First, let’s talk about cash. In today’s society, cash is not just dollar bills and coins. Cash also includes electronic transfers from your bank account through online banking, online bill pay, debit cards, or online purchasing through platforms like PayPal. Writing a check to pay for something is also considered spending cash, even though check writing has become a casualty of advancements in technology.
If you don’t have the cash to spend or you choose not to spend cash on a particular purchase, you have the option of using credit. Credit is simply a form of an I OWE YOU in which you walk away with the purchase right now, but you pay for it later. Often times you pay for it later in small amounts, and you end up paying more for the purchase than if you had just bought it with cash. The biggest thing to realize is that any time you use credit, you are really building debt.
There are two categories of credit – closed-ended and open-ended.
Closed-ended credit is tied to what is called a term. The term is simply the length of time before what you owe has to be completely paid off. It is your deadline. Examples of closed-ended credit would be automobile loans, student loans, and mortgage loans.

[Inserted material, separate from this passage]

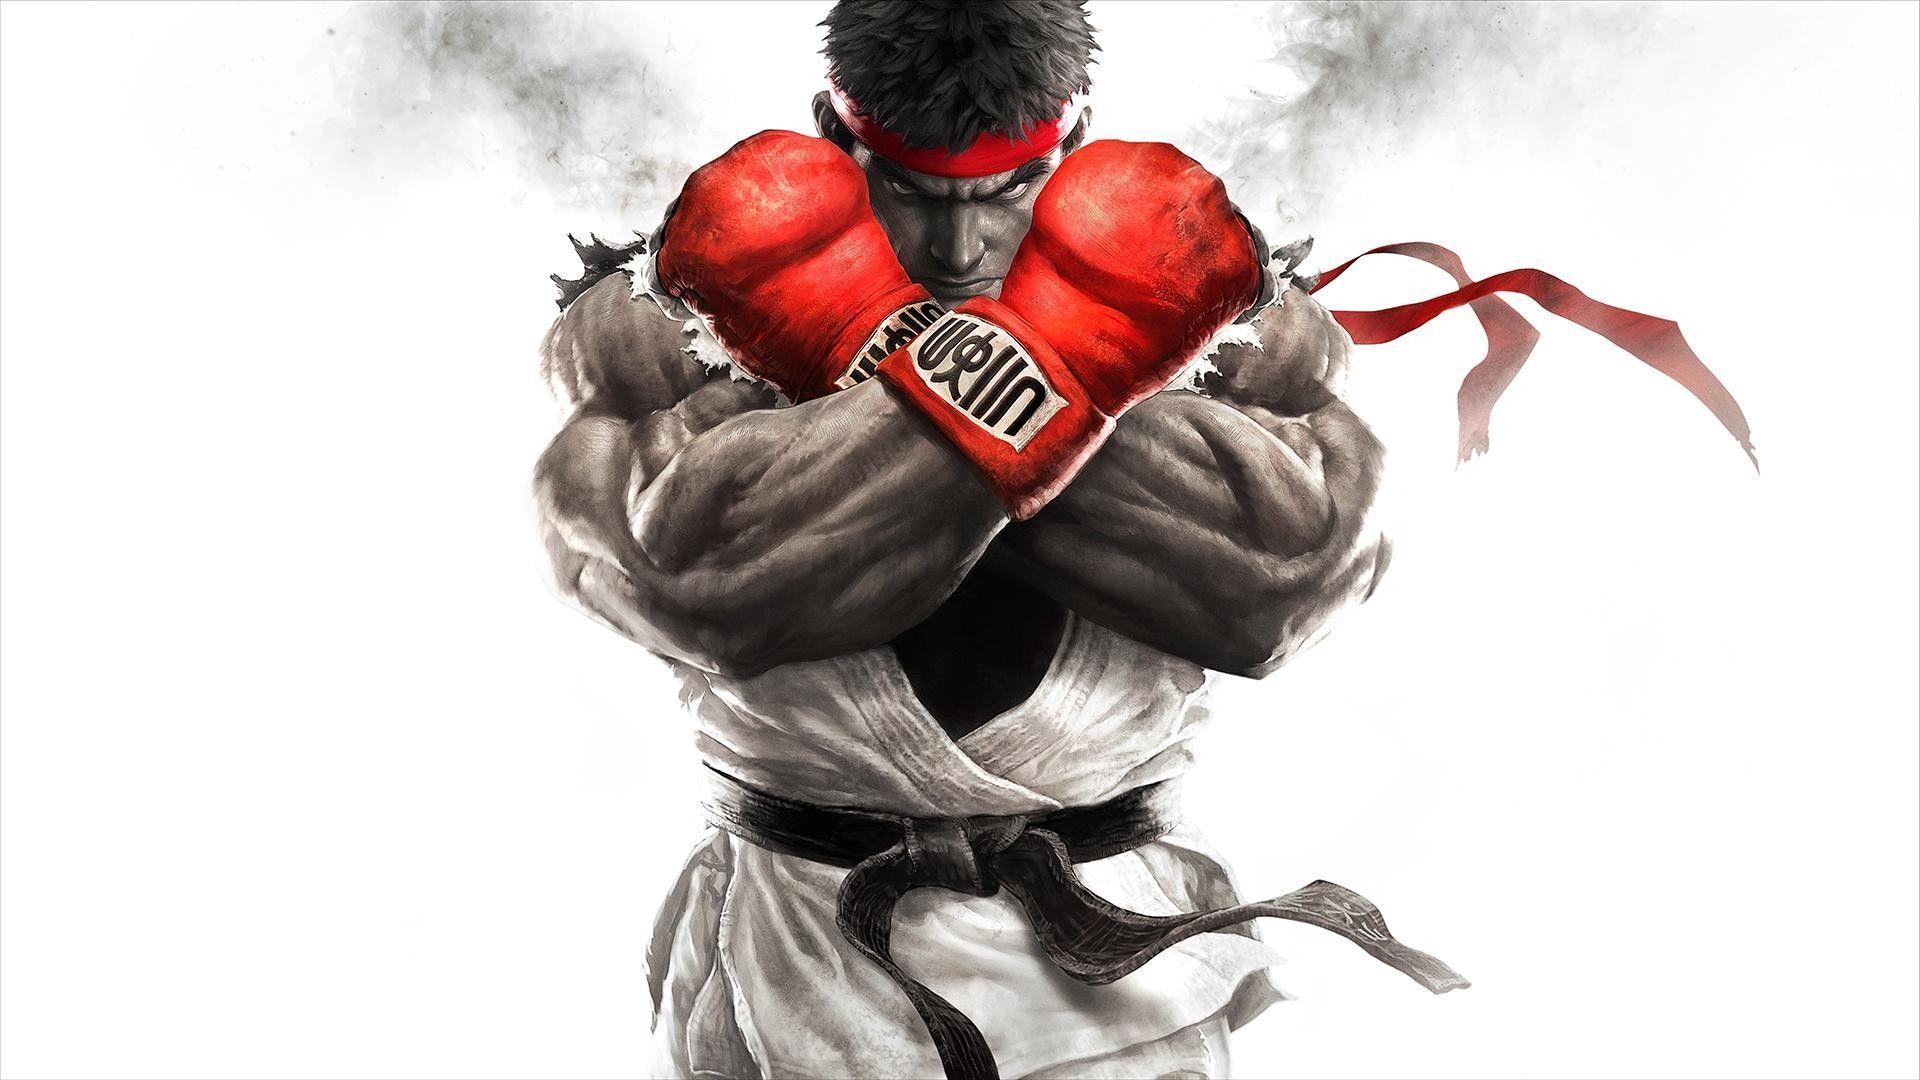 ryu street fighter wallpaper iphone

Whereas closed-ended credit is tied to a term, open-ended credit is more tied to an amount of money. With open-ended credit, you have access to a certain amount of spending money and how long it takes you to spend or to pay it back doesn’t really matter. That being said, the longer it takes you to pay it back, the more you will end up paying, Examples of open-ended credit would include credit cards and lines of credit.
Over the next few lessons, we will discuss what each of these types of credit purchases are really like. We will talk about how to buy a car, what student loans are all about, how to purchase a home, and then we will look at the process of using credit cards and lines of credit.
One last thing to point out, is all your payments are tracked and recorded in a central location. All payments means all. Not just those purchases made using credit. What you pay for in cash matters as well. For instance, if you pay your electric bill on time with some form of cash, you are building a positive financial reputation for yourself. If you pay late or don’t pay the total amount, then you are building a negative financial reputation for yourself. So, all your purchases, bills, and debts create a financial reputation, whether you are using cash or credit. This compilation of your financial reputation is housed by credit bureau. There are three main credit bureaus: Equifax, Experian, and TransUnion. These companies simply track and organize all the pieces that create that financial reputation for you. This reputation is summarized in your credit report and you are assigned a credit score that represents your financial reputation.